Although the pathological mechanism of the cutaneous ulcer onset is currently unclear, we could hypothesize, considering the activity of apixaban, that the leg ulcer is caused by a coagulation defect linked to factor Xa and/or to the cascade of events downstream. In this case, this clinical report might indicate the possibility that some NOACs (apixaban in this case) could be able to unmask defects in the coagulation cascade linked to a peculiar genetic background, yet to be clarified. Furthermore, the patient’s 4G/4G homozygosity represents a minor variant of livedoid vasculitis, a rare vasculopathy that is typically characterized by painful lower limb lesions [39]; although the absence of patient clinical history of vasculopathy or thrombotic events and the quick recovery after pharmacological shift with a different drug, the occurrence of livedoid vasculitis cannot be completely ruled out.

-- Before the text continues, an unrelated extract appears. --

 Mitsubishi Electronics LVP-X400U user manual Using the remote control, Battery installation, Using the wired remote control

However, differences between apixaban and dabigatran concern not only their pharmacological targets but also their metabolization. As reported in the technical report, apixaban metabolism principally occurs via O-demethylation and 3-oxopiperidinyl hydroxylation primarily via CYP3A4/5 with minor contributions from CYP1A2, 2C8, 2C9, 2C19, and 2J2. Unchanged apixaban is the major form present in plasma, with no active metabolites in circulation. apixaban is also a substrate of P-gp transport proteins and breast cancer resistance protein (BCRP). Cytochrome P450 (especially CYP3A4/5) [40,41] and advanced age represent two of the contributing factors to the reduction in cytochrome P450 functionality [42]. However, we cannot exclude that an overexpression or an increase in CYP3A4/5 activity (on a genetic basis) significantly may have reduced apixaban levels in our patient, by inducing vascular thromboembolic microphenomena downstream. Dabigatran, instead, is primarily metabolized by esterases and cytochrome P450 plays no relevant role in its metabolism [43]. Considering the old age of the patient and her high polypharmacy rate, with drugs mainly metabolized by cytochrome P450 [44,45,46], these factors may have had a negative impact on the apixaban metabolism.

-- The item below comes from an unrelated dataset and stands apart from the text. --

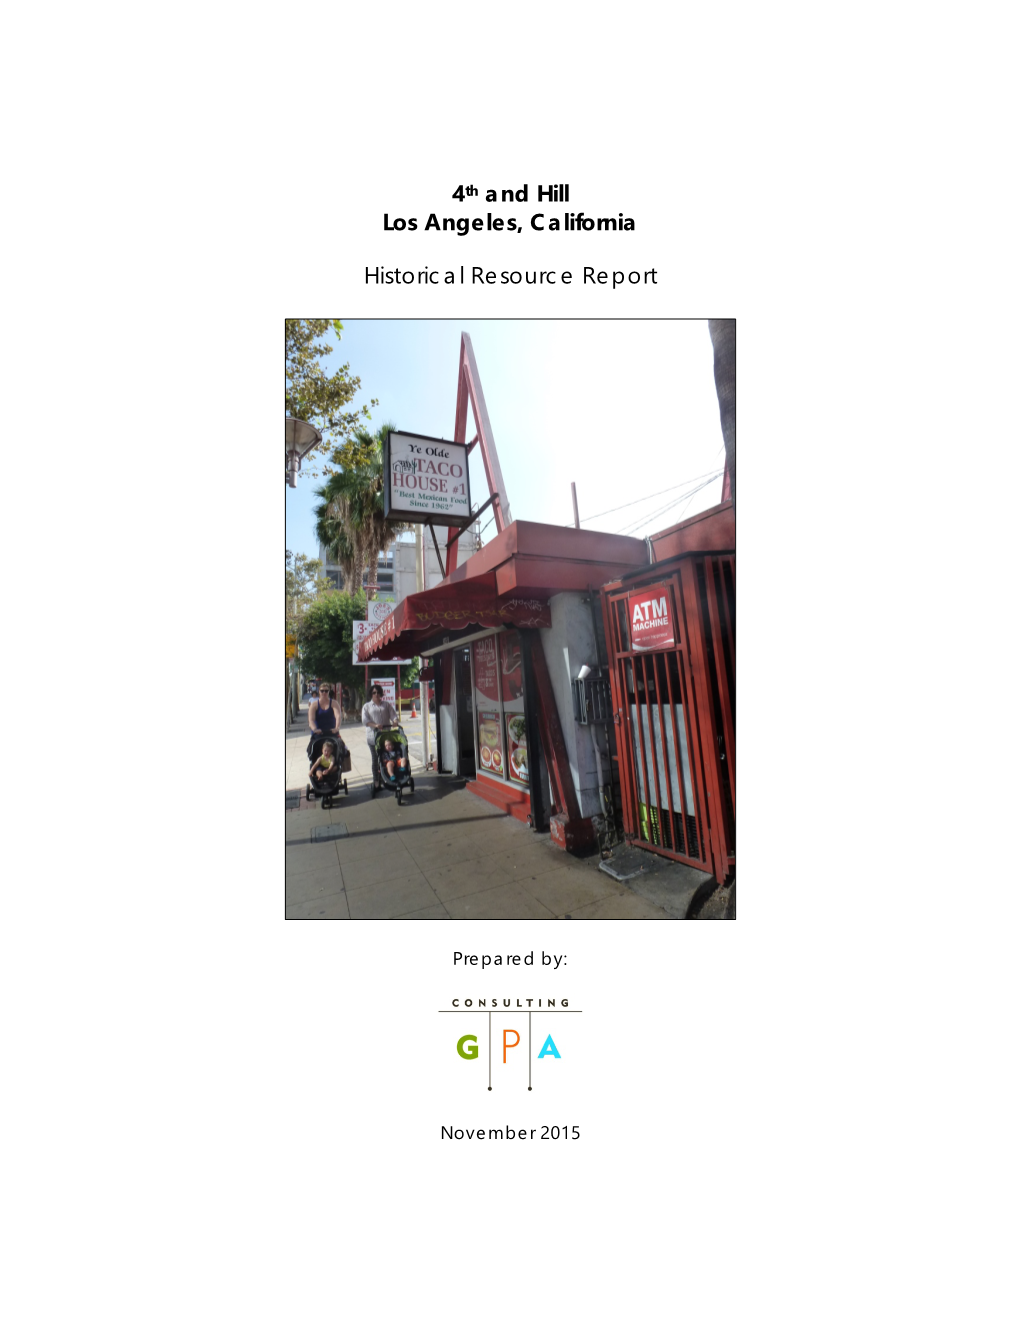 4Th and Hill Los Angeles, California Historical Resource Report

This does not exclude that, in the context of polytherapy, other drugs may, in some way, have altered the absorption or metabolism of apixaban, considering the patient was taking bisoprolol, zofenopril, amlodipine, and furosemide for hypertension and lansoprazole for gastric protection. In the literature, there are some hints regarding bisoprolol and P-gp, and at least one evidence of interaction with dabigatran, although with contrasting evidence [47,48,49,50,51,52]. Therefore, considering that dabigatran itself is a substrate of P-gp, a further hypothesis is that a specific interaction regarding amlodipine, bisoprolol, or other drugs prescribed may have selectively altered the absorption (or excretion) of apixaban.

4. Conclusions

Our study highlights the onset of a rare clinical finding probably related to the administration of apixaban, an oral anticoagulant increasingly used in substitution of warfarin. The increasingly widespread use of NOACs is highlighting clinical problems, sometimes linked to pharmacokinetic or pharmacodynamic aspects or to interactions with other commonly used drugs, not found during the authorization studies. This focuses, on the one hand, on pharmacovigilance activities and on the phenomenon of underreporting, which is too widespread among health professionals, and on the other hand, the need for further studies to understand in more detail the metabolic aspects and unfavorable interactions with other drugs, likely underestimated to date. From this point of view, the lack of hematological references (for example, INR), although it represents a potential advantage for the uncomplicated patient, becomes a risk in fragile subjects, in polytherapy, or with complex genetic metabolic pictures still to be clarified.